Mindfulness & learning by Guest Blogger Janis Coffey - Happy + Well : Happy + Well

Mindfulness & learning by Guest Blogger Janis Coffey

Written by on April 30, 2015 in Learning, Wellness, Young People with 0 Comments

meditation picLike other skills children learn at school such as maths formulas, how to read and write, and making and keeping friends, mindfulness is a skill which requires intentional and frequent practise. Waters and colleagues (2014) propose a model of how meditation influences student learning. In this model, meditation improves cognitive functioning and emotional regulation, which in turn influences academic achievement, social competence and wellbeing.

A review article by Weare (2013) looks into the current state of mindfulness in schools in terms of research, practice and policy. Consistent with the model proposed, Weare’s (2013) review indicates that mindfulness programs in schools have had promising results in terms of enhancing mental and physical health as well as improvements in ‘executive function’ (problem solving, planning, controlling and monitoring one’s own actions), and paying attention.

In addition, those students with lower self-regulation prior to learning skills in mindfulness were observed to experience the greatest improvements in behavioural regulation, meta-cognition (defined earlier as being aware of the inner processes involved, such as doing, feeling and thinking) and executive function. Mindfulness practices fit neatly into the core business of education (Hassed & Chambers, 2014). As a health promotion and education strategy, mindfulness appears to be low cost and high impact for those who are most in need of its benefits.

It is well known the teaching profession has high rates of stress and burnout, particularly within the first five years of teaching. It is important to consider how we help teachers to cope effectively with the demands of the profession through making changes to work environments and teaching specific skills to manage stress.
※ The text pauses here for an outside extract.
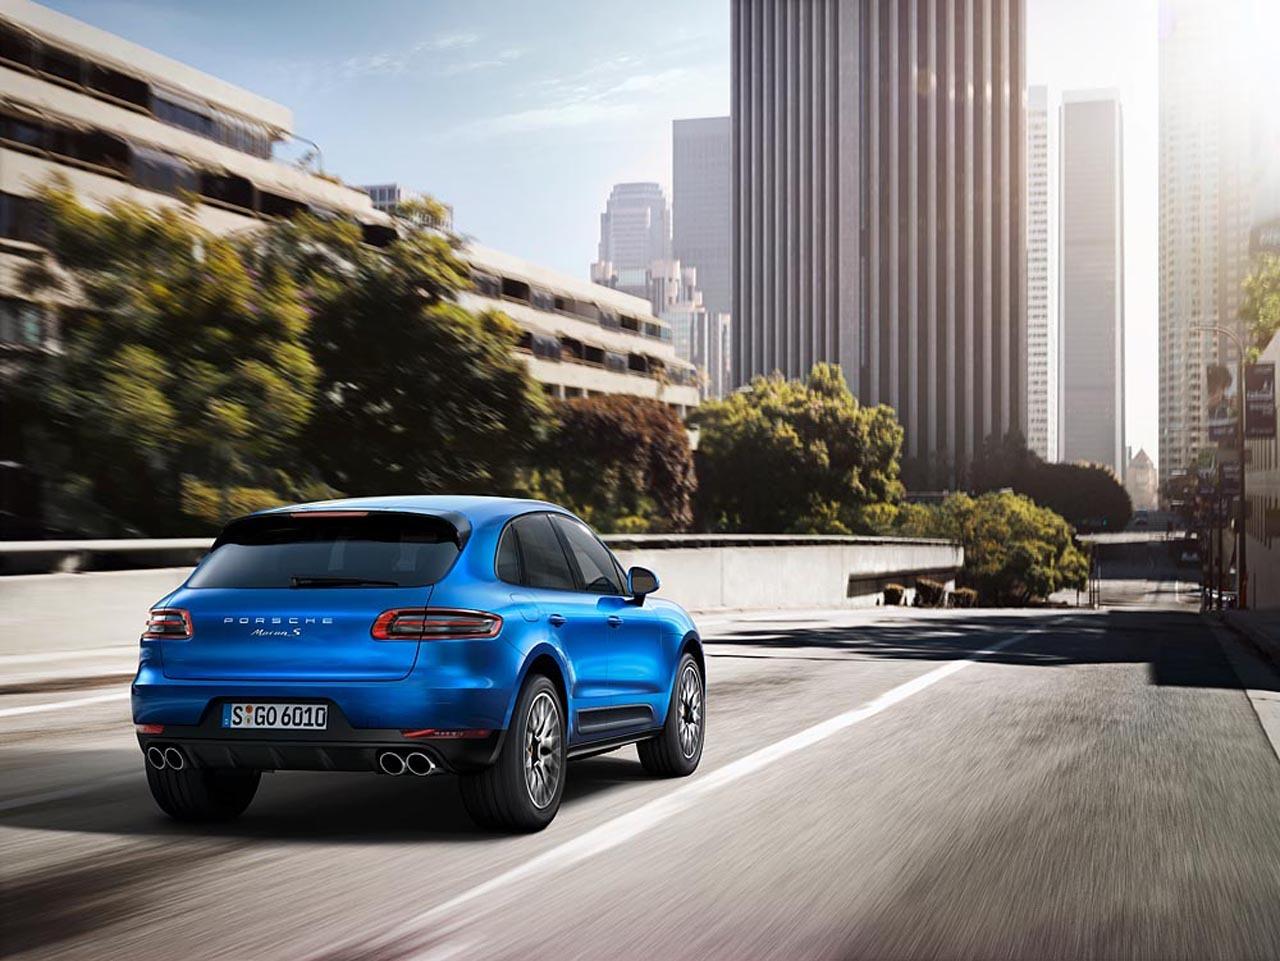 Se acabó la espera, ya está aquí el Porsche Macan

Caring for the wellbeing of teachers is important in its own right. Yet there are also other compelling reasons we need to work towards reducing teacher stress. When teachers are highly stressed, they become less effective in the classroom and have higher rates of absenteeism. Teachers’ stress has a significant impact on students’ stress levels, their behaviour in class and engagement with learning.

As described by researchers, Roeser and colleagues (2013), when teachers are trained in mindfulness there are clear classroom benefits including effective classroom management, an emotionally supportive climate and positive teacher-student relationships. Changes to classroom environments have direct impacts on students’ sense of belonging, engagement, pro-social behaviours and motivation to learn.

A recent randomised controlled study found that an eight week mindfulness training programme significantly enhanced their skills in mindfulness, focused attention and working memory, while reducing stress and burnout (Roeser, et al, 2013).


Janis Coffey is Associate Director for the Institute of Positive Education, and runs a one day training course for teachers: Exploring Mindfulness, an introduction to teaching awareness and stillness in the classroom. For registration in your city, click here.

Visit The Wellness Show Expo 10-11 June 2015, Luna Park, Sydney – a free showcase of the innovation and technology that are transforming the way we stay fit and healthy. For more information and to register for your free visitor pass click here.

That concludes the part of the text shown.